Content starts

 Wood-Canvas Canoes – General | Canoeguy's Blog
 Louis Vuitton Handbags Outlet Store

Content ends
Content starts

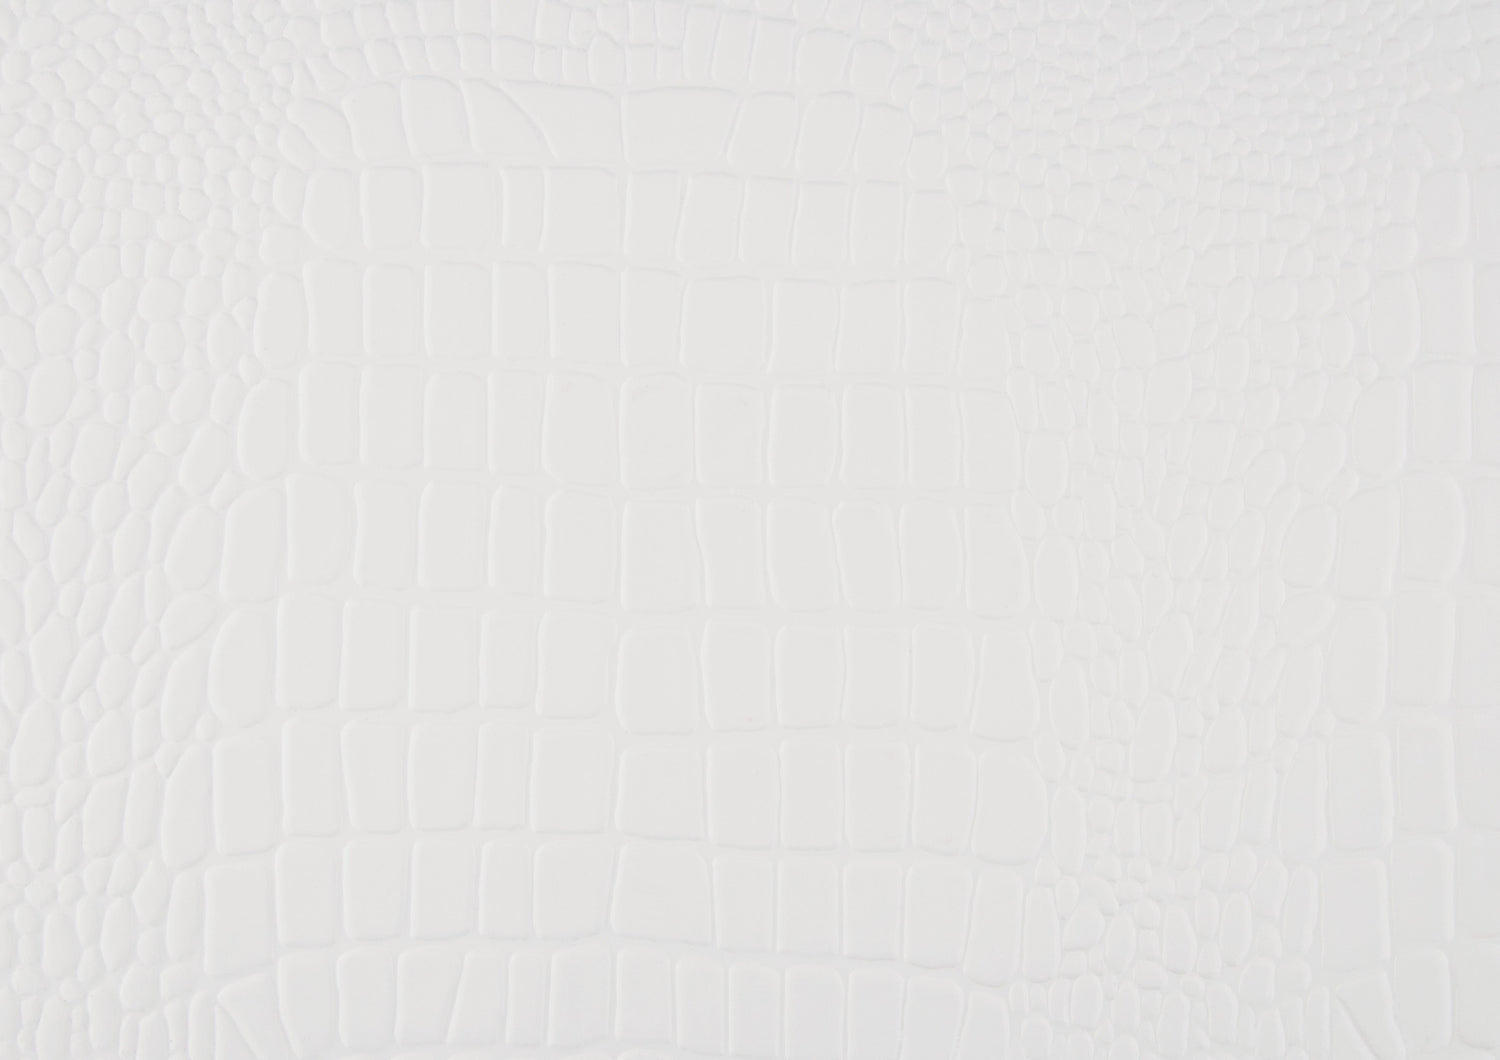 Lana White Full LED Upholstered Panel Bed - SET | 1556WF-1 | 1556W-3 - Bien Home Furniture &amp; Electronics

Content ends
Content starts

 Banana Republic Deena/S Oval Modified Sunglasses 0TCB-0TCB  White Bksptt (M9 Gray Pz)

Content ends

**Work order**
When you reach the line with "Wood-Canvas Canoes –" in the records above, start writing out lines exactly, and stop once the line with "Louis Vuitton Handbags Outlet Store" has been written; include nothing else.

**Response**
 Wood-Canvas Canoes – General | Canoeguy's Blog
 Louis Vuitton Handbags Outlet Store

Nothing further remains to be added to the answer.